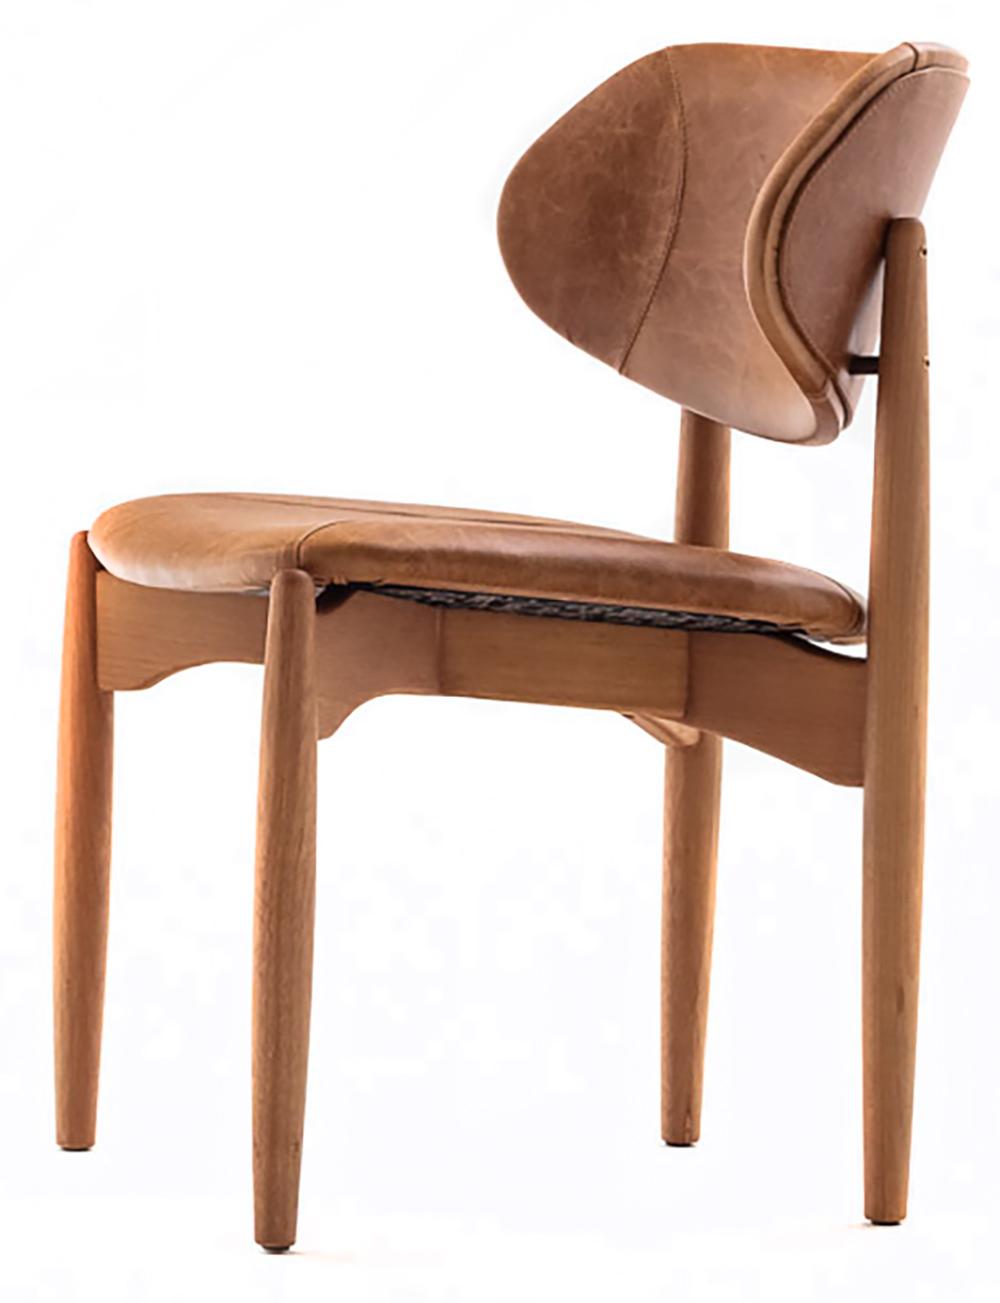 Cadeira Acácia • estudiobola
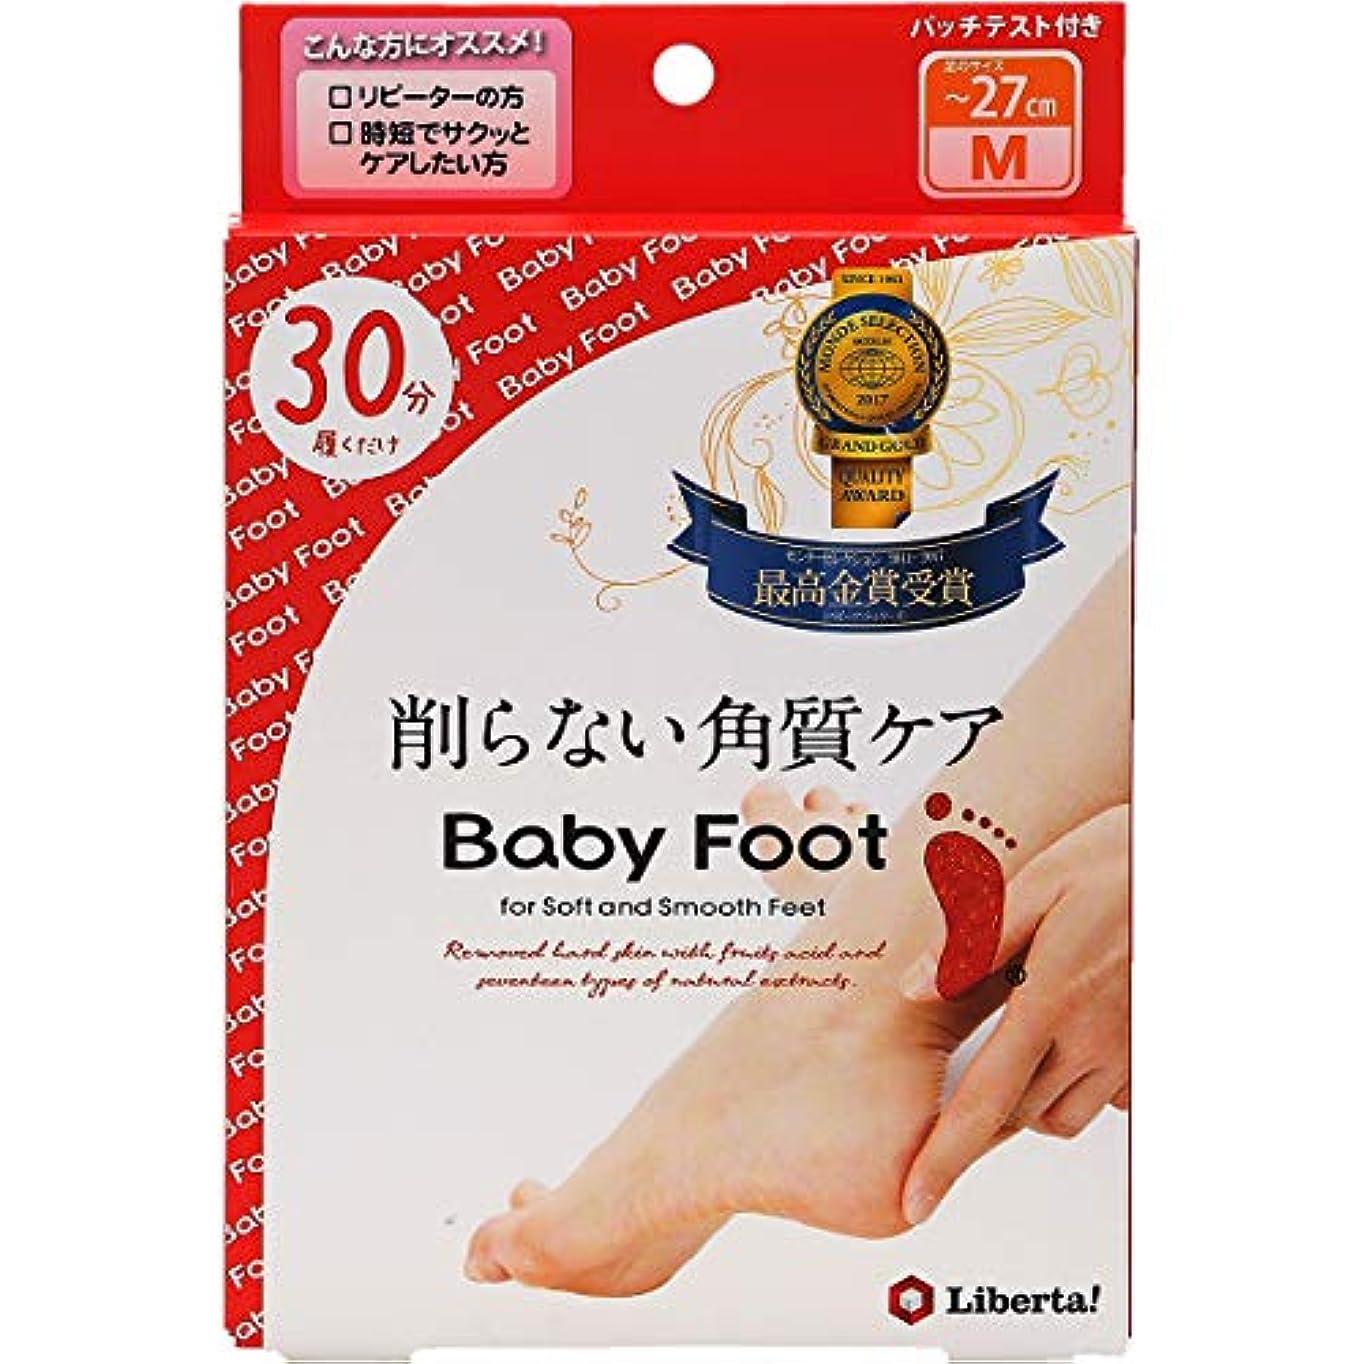 スリル解放する膨らませるベビーフット (Baby Foot) ベビーフット イージーパック30分タイプ Mサイズ 単品
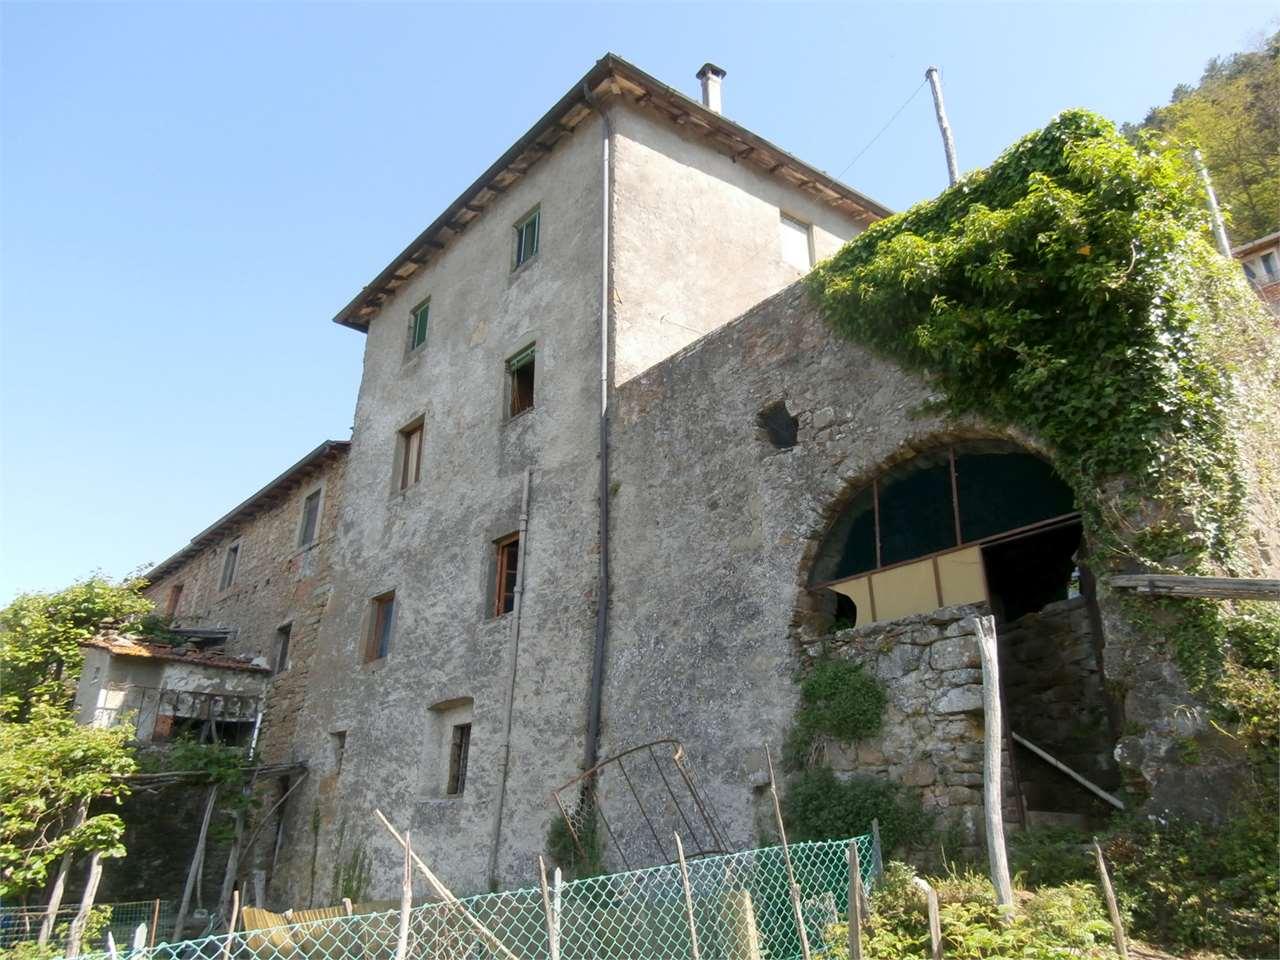 Appartamento in vendita a Bagni di Lucca, 11 locali, prezzo € 95.000 | CambioCasa.it
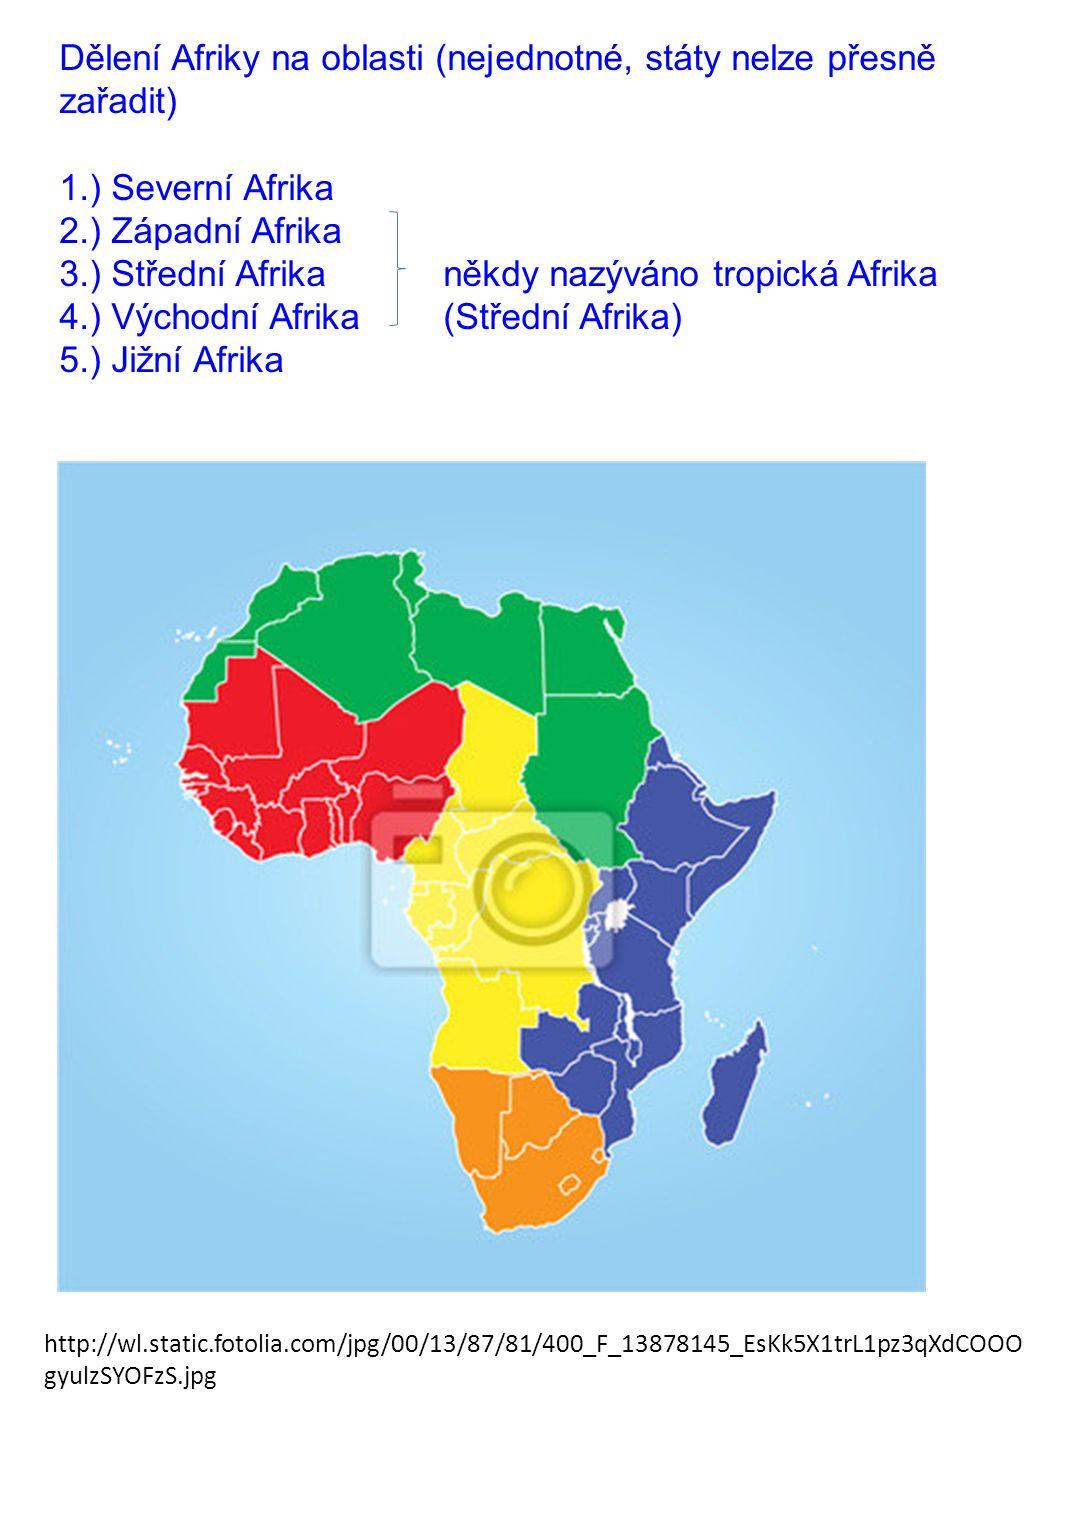 Dělení Afriky na oblasti (nejednotné, státy nelze přesně zařadit) 1.) Severní Afrika 2.) Západní Afrika 3.) Střední Afrikaněkdy nazýváno tropická Afri

Required action: Without the pictures, output the full listing exactly as it stands.

Answer box:
 Cadeira Acácia • estudiobola
 スリル解放する膨らませるベビーフット (Baby Foot) ベビーフット イージーパック30分タイプ Mサイズ 単品
 Appartamento in vendita a Bagni di Lucca, 11 locali, prezzo € 95.000 | CambioCasa.it
 Dělení Afriky na oblasti (nejednotné, státy nelze přesně zařadit) 1.) Severní Afrika 2.) Západní Afrika 3.) Střední Afrikaněkdy nazýváno tropická Afri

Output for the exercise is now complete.